BOOK: The Scottish Lord’s Secret Bride
12.42Mb size Format: txt, pdf, ePub

Murren, presumably not yet in a companionable frame of mind, was still in her room, and had asked for a tray to be sent up.

‘Then—’ Fraser stripped off his gloves and put them on the entrance hall table ‘—it will be you and I. Shall we dress informally and eat in the small dining room in an hour? Then we’ll have time for a stroll before we get company.’

Morven curtsied very properly and his eyes widened as he chuckled.

‘I rather like that.’

She tapped her lips. ‘Don’t get too used to it, my lord. It’s reserved for special occasions.’

‘And special people?’

‘Well of course. Now if I have to be presentable within an hour, informally dressed or not, I need to dash. Excuse me, please.’ Morven checked the hall hastily to make sure no servants were present, lifted her skirts and took the stairs two at a time.
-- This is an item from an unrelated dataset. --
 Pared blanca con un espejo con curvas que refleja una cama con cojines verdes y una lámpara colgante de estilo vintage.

She chuckled to herself and shook her head as a long low whistle floated up after her.

He was incorrigible, and if she were honest she loved it, Morven decided as she washed and donned a pretty tea gown of pink and cream stripes, and caught up a shawl in the same shades. Peggy, the maid who was helping her twisted Morven’s long hair into a simple knot at the back of her head and nodded with approval. ‘You look perfect, my lady.’
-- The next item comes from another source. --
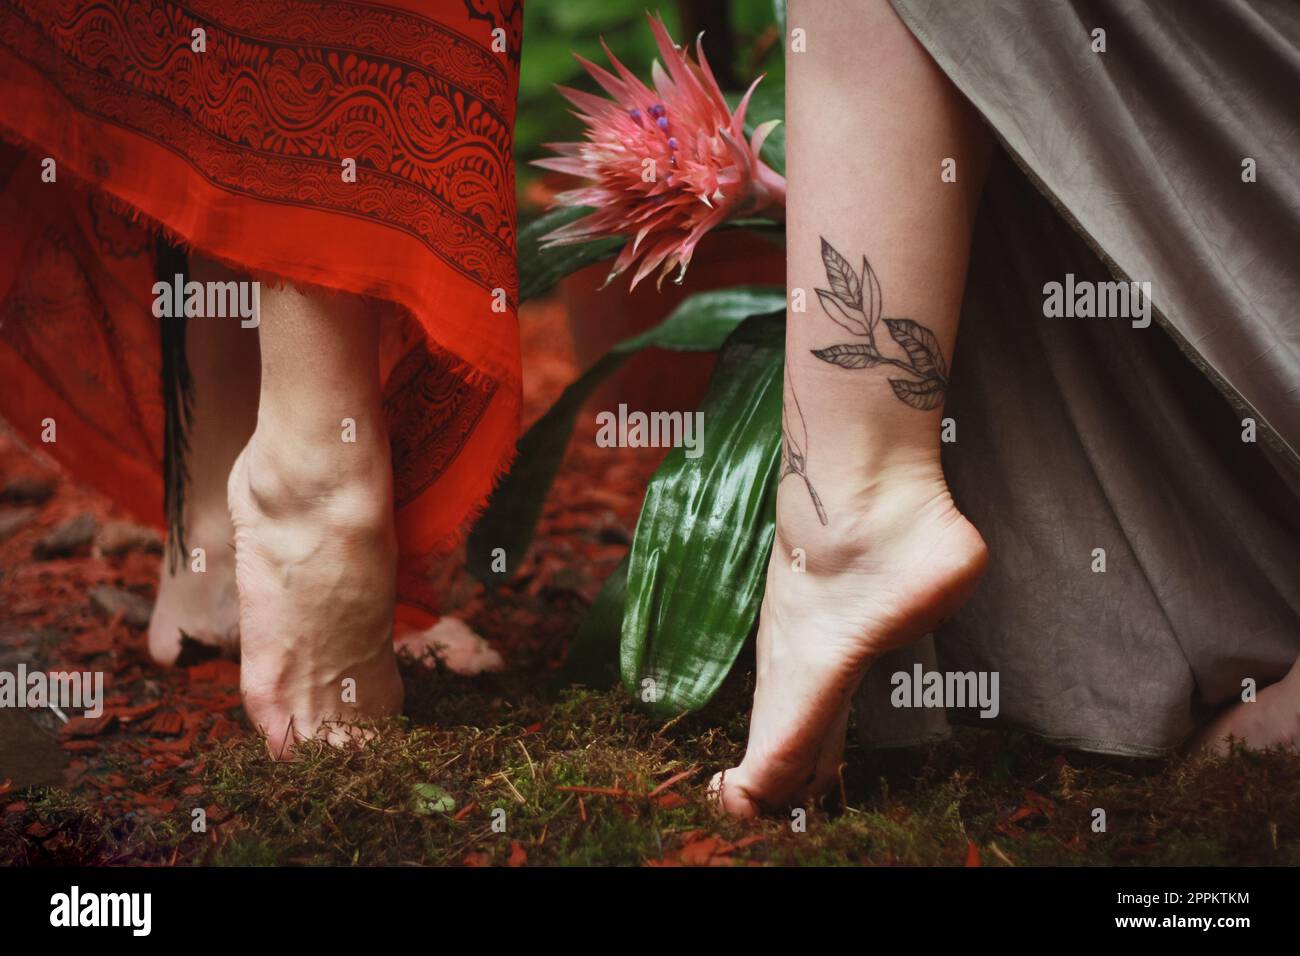 Gros plan des pieds femelles avec photo de concept de tatouage Banque D'Images

Morven twisted from side to side in front of the cheval mirror. ‘Hmm I’ll pass muster anyway. You have dressed my hair beautifully, Peggy.’ The young maid blushed with pleasure.

‘’Twern’t hard, m’lady. It’s lovely hair you have. I’m hoping one day I’ll be a proper dresser, so all the practice I get is good for me,’ Peggy said earnestly.

‘I foresee you will be besieged with offers,’ Morven replied sincerely. If she didn’t have a personal maid at Welland she’d be tempted to ask Peggy to return south with her when she departed. ‘Now I best go or I’ll be late. You need not wait up for me. Off you go and enjoy your evening.’ The maid curtsied and Morven sighed in relief. She would not have been able to dismiss her maid at home as easily. There she would have been told that she would need help and help was what she would get. Mavis had been her nursemaid and would always speak with the familiarity of someone who had changed her, fed her, scolded her and cuddled her. She’d been due to accompany them until a bad toothache had laid her low and Morven insisted she stopped at Welland and had the tooth drawn.

Peggy scurried out and after one last critical look at herself in the mirror, Morven tweaked a few strands of hair from the knot to rest tantalisingly close to her bosom, where the dress was cut low and teasing. It could be made demure with the insertion of a lace fichu. She hadn’t bothered to use that. Not that night. Tonight she wanted to tease Fraser, to watch his reactions and see how she responded. There might not be many more chances before she learned their fate. Whatever that was, it seemed inevitable things would change.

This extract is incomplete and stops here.